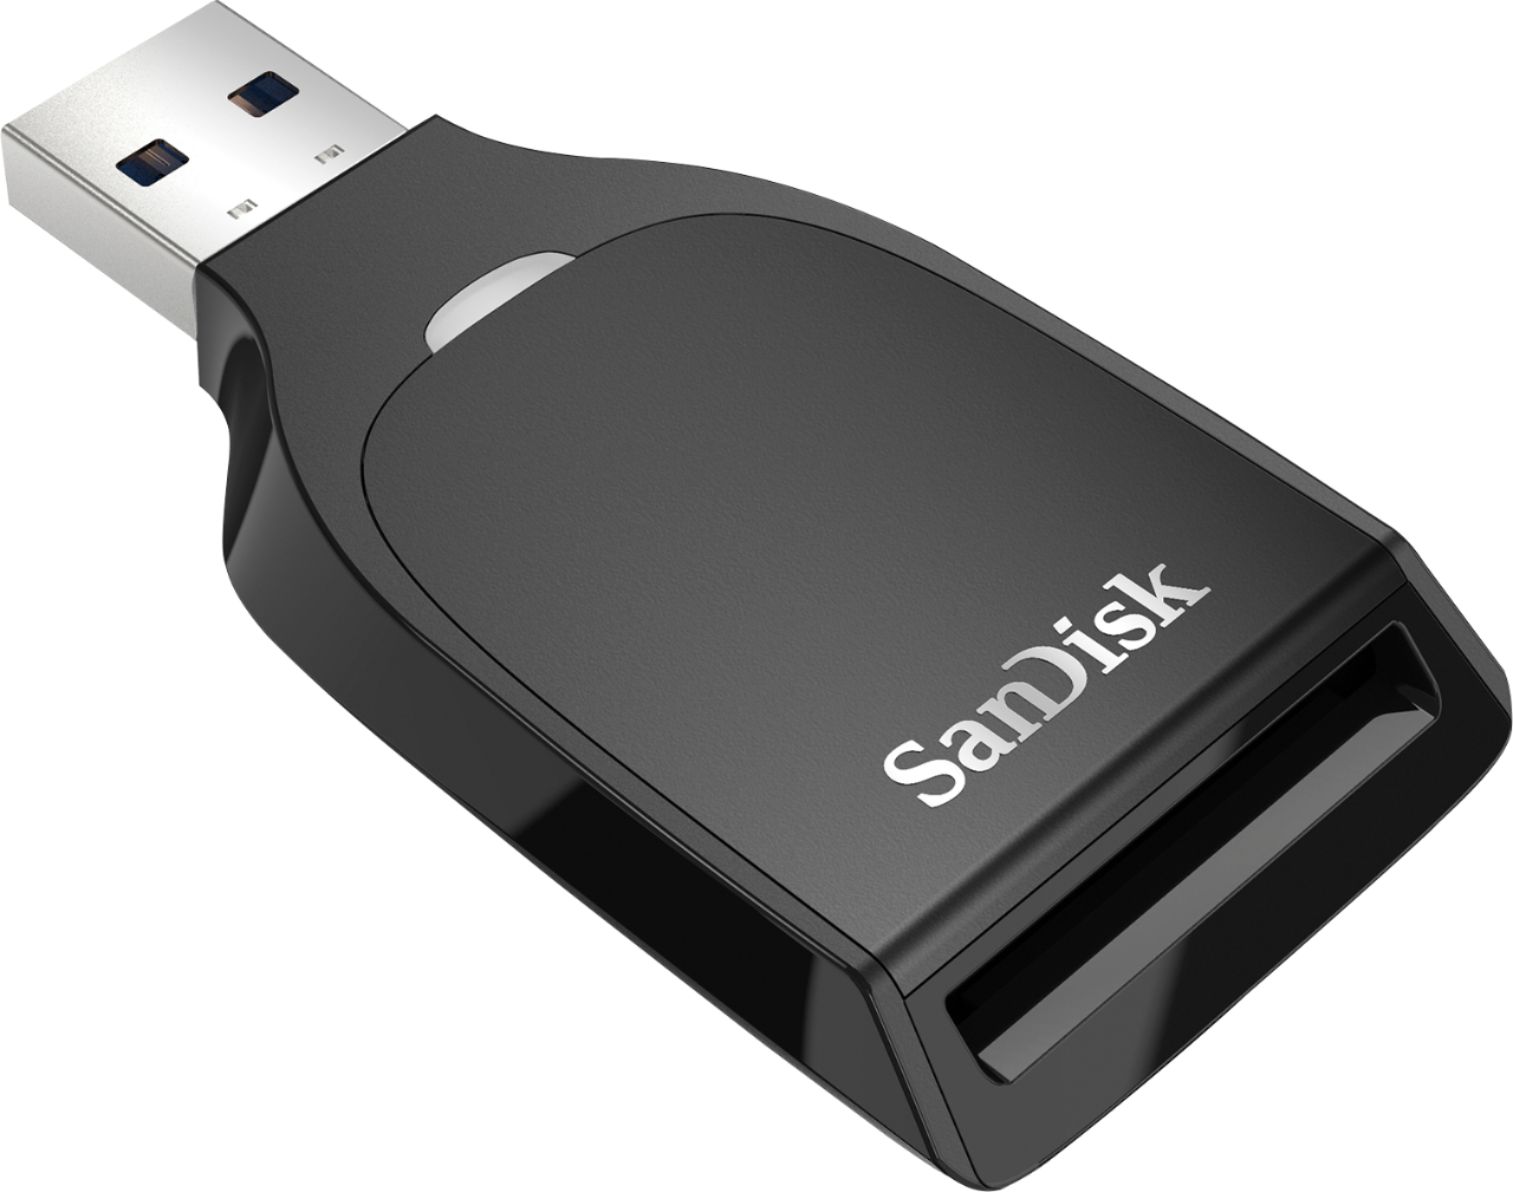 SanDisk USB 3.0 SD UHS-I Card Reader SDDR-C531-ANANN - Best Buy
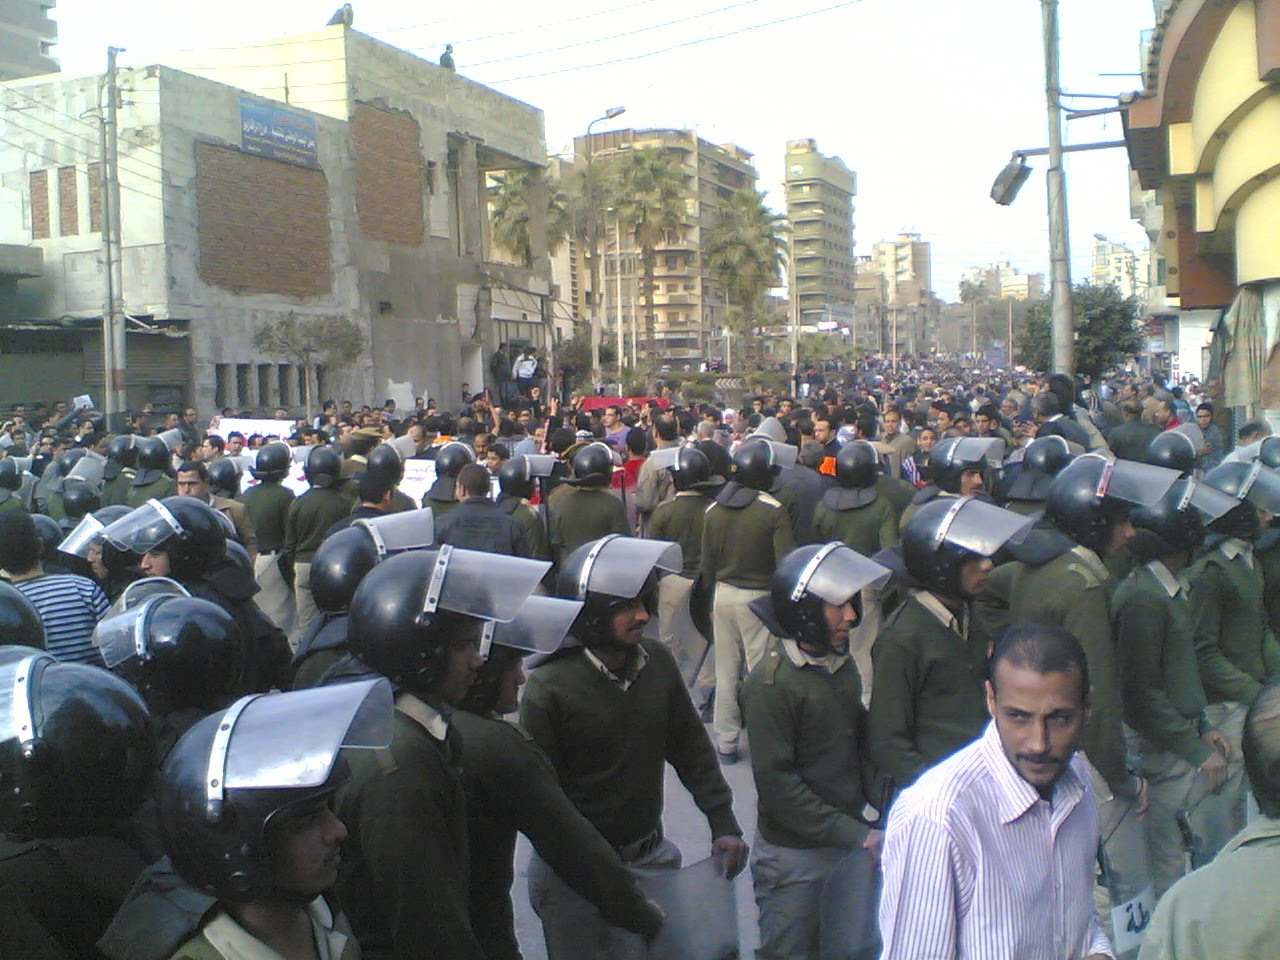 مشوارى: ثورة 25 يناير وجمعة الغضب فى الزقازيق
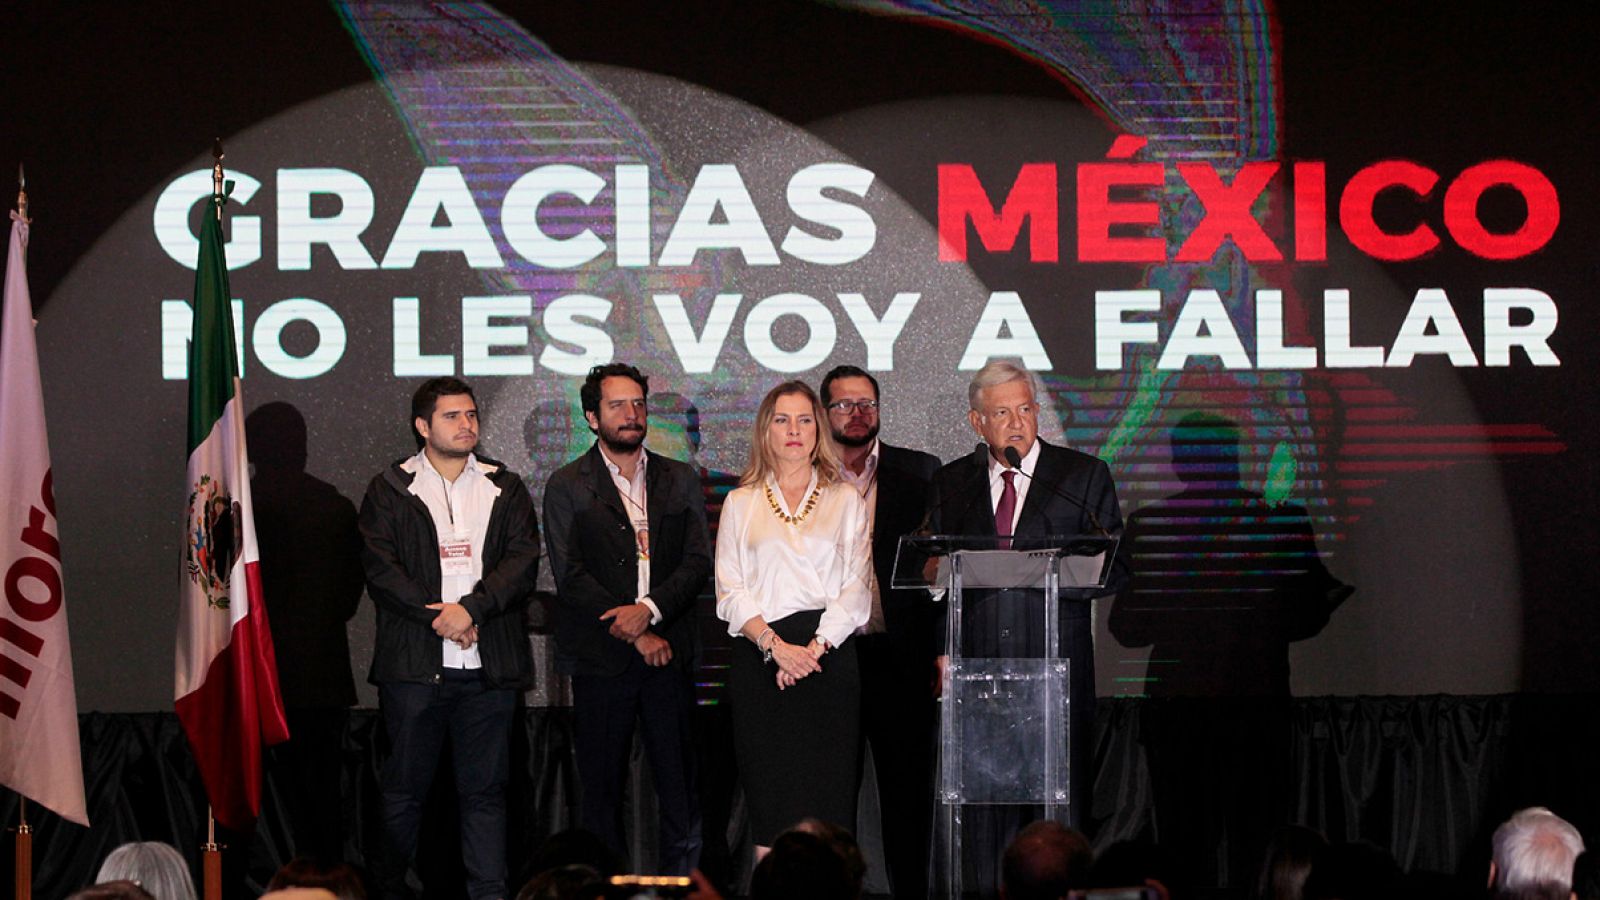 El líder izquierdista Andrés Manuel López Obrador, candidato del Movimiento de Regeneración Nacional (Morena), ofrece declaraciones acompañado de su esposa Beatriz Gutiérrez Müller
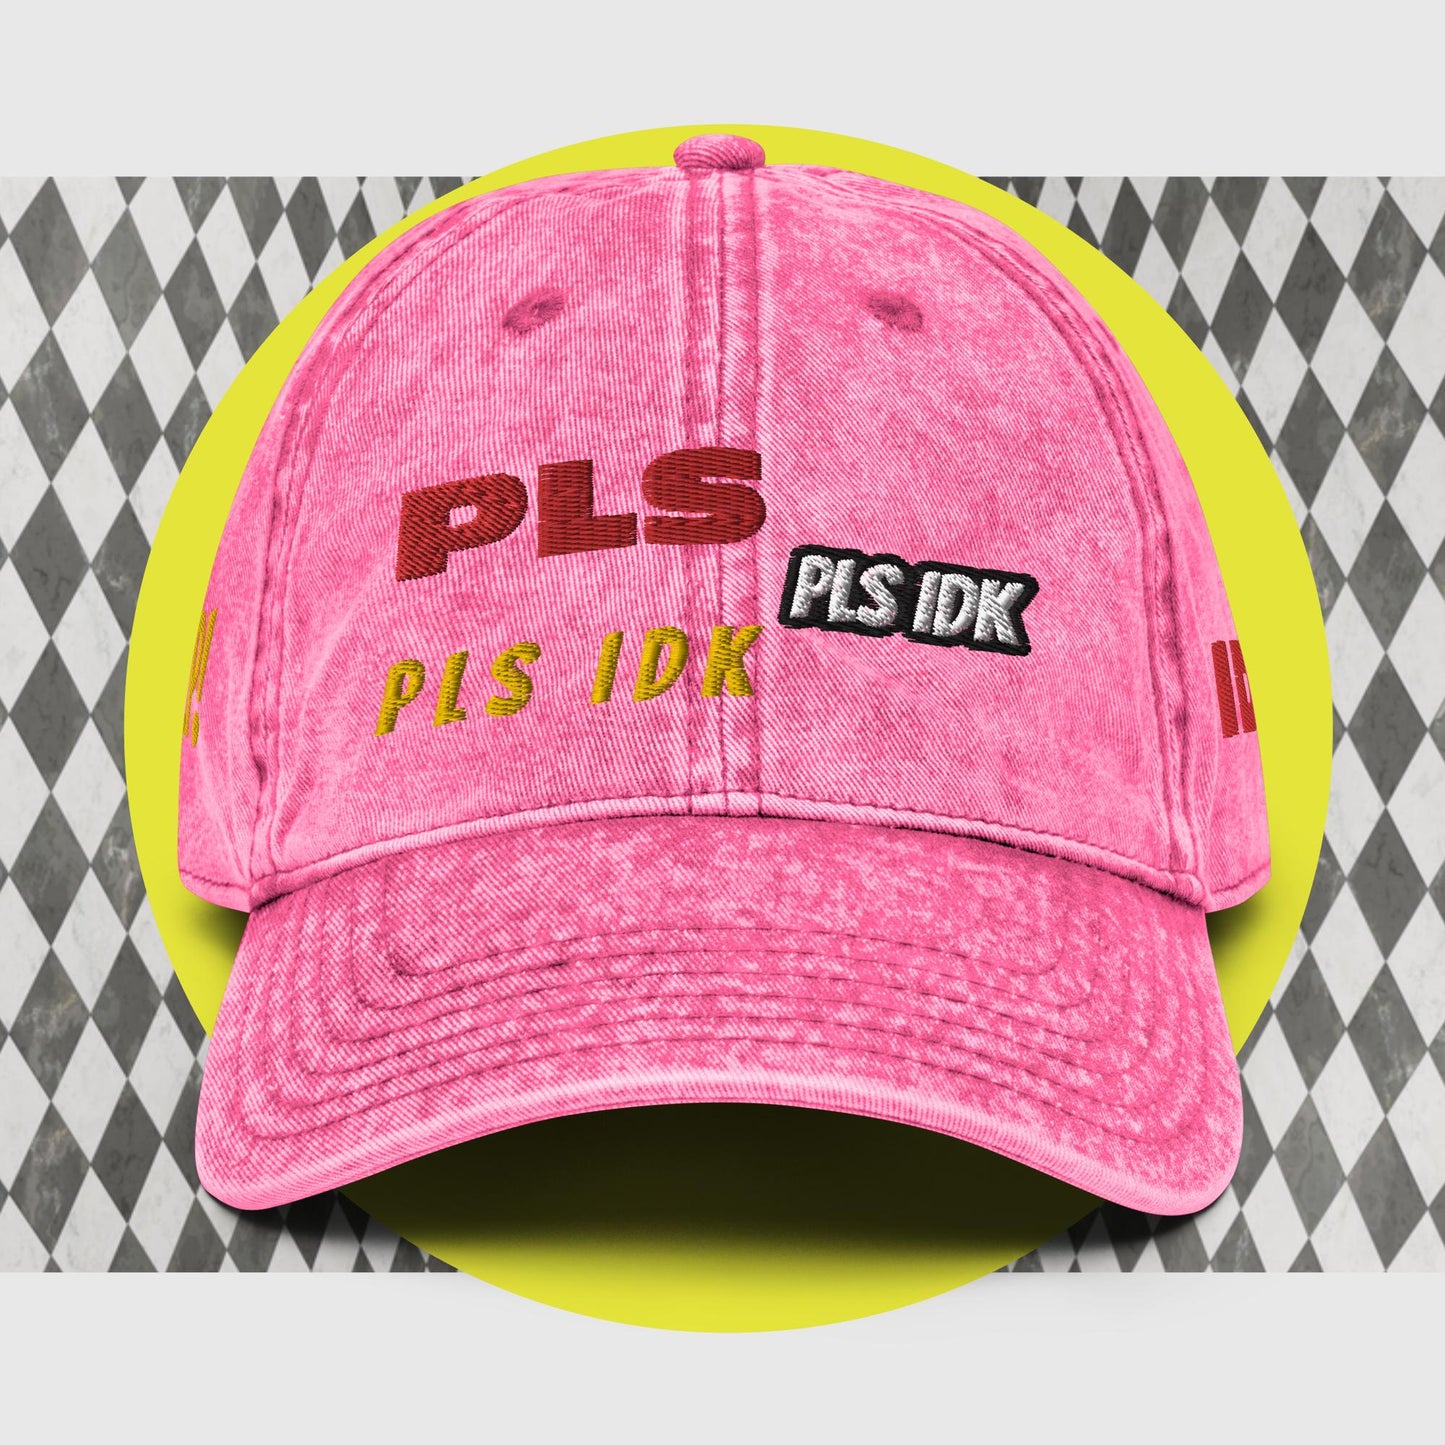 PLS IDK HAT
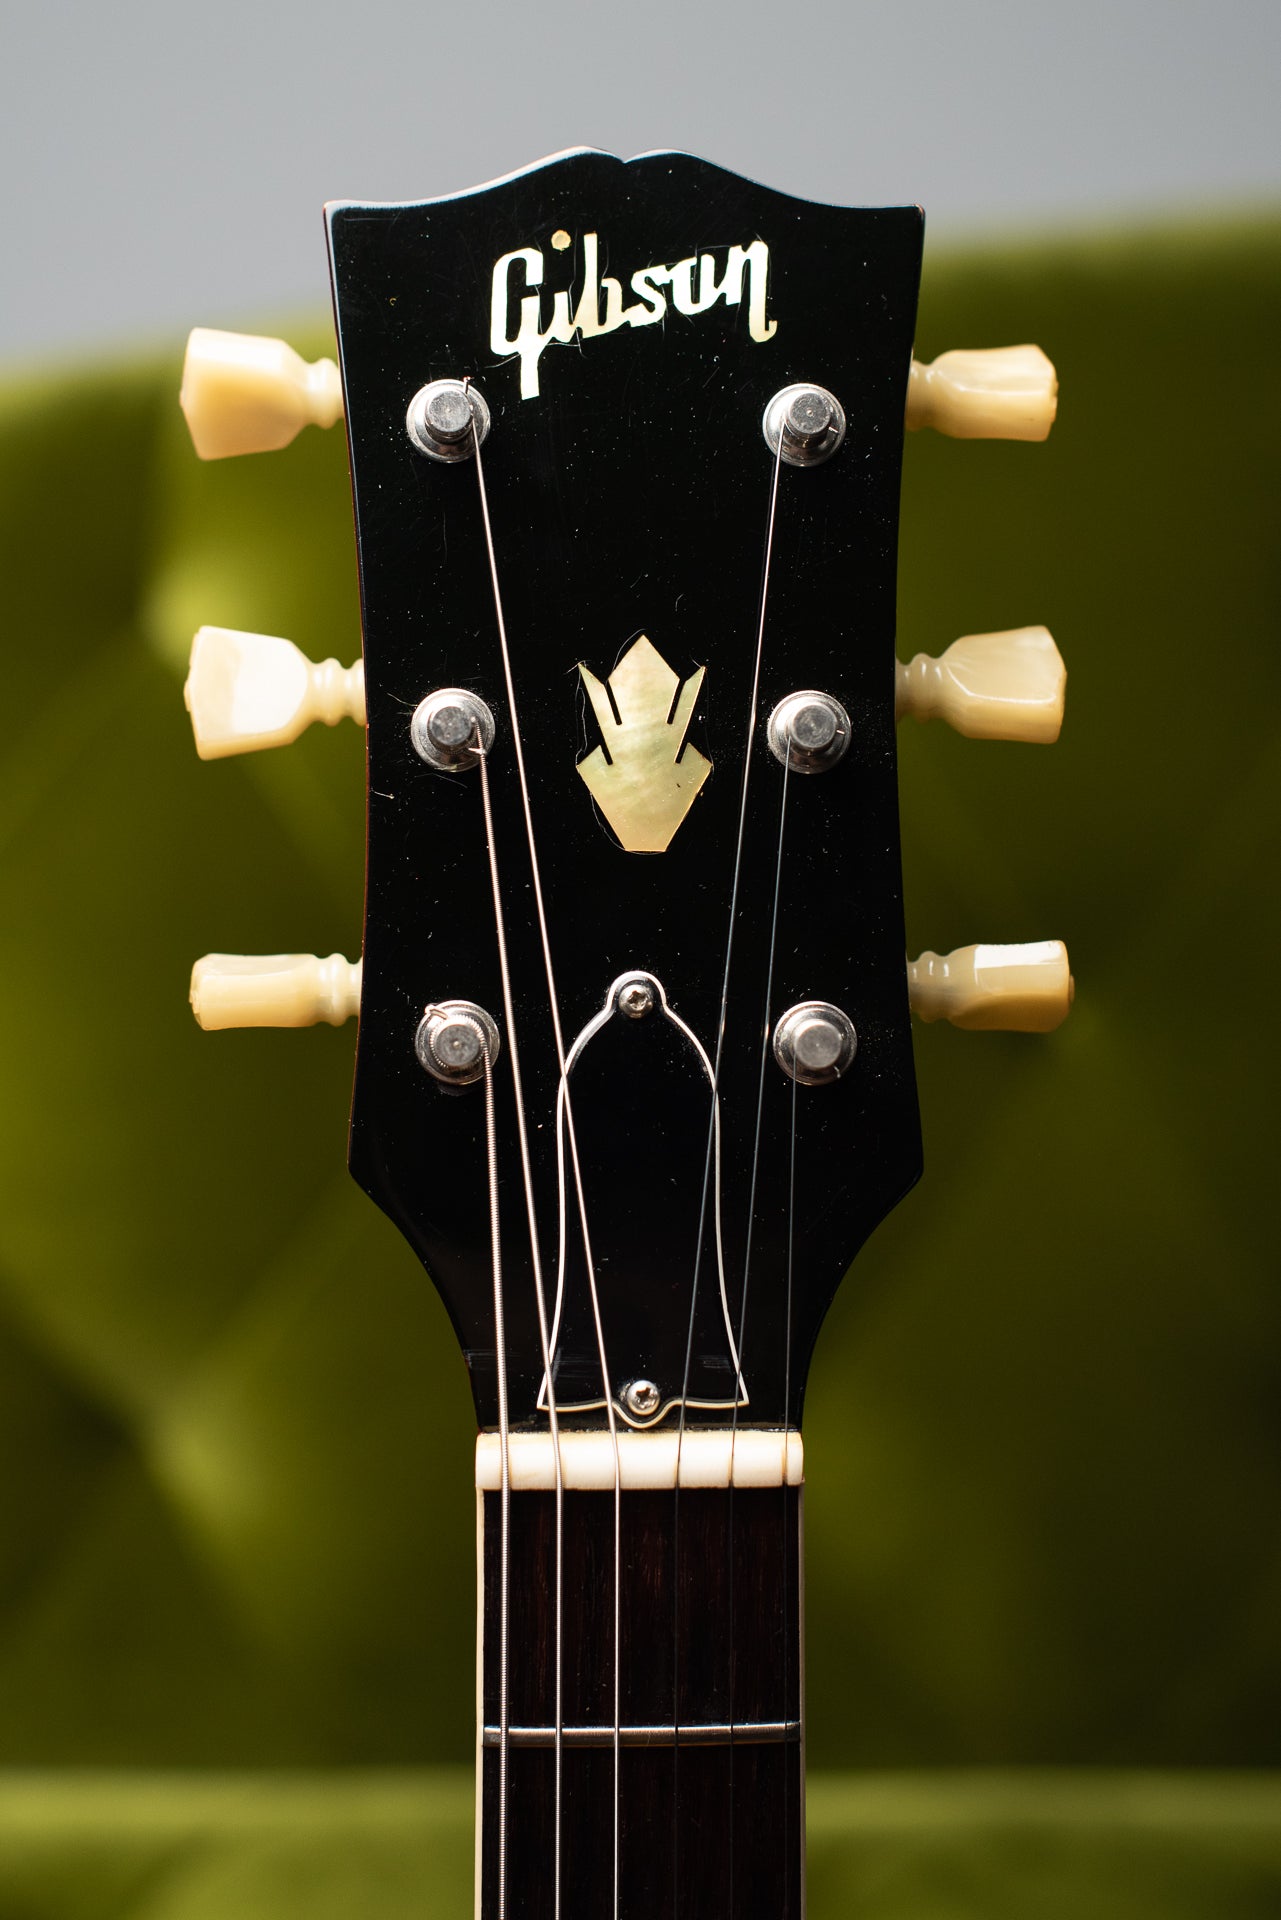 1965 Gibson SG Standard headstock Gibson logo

-=-=-

## About this exercise
Pictures stay out, and every line of the records is transcribed exactly.

## Answer to the problem
 SanDisk USB 3.0 SD UHS-I Card Reader SDDR-C531-ANANN - Best Buy
 مشوارى: ثورة 25 يناير وجمعة الغضب فى الزقازيق
 El líder izquierdista Andrés Manuel López Obrador, candidato del Movimiento de Regeneración Nacional (Morena), ofrece declaraciones acompañado de su esposa Beatriz Gutiérrez Müller
 PLS IDK HAT
 1965 Gibson SG Standard headstock Gibson logo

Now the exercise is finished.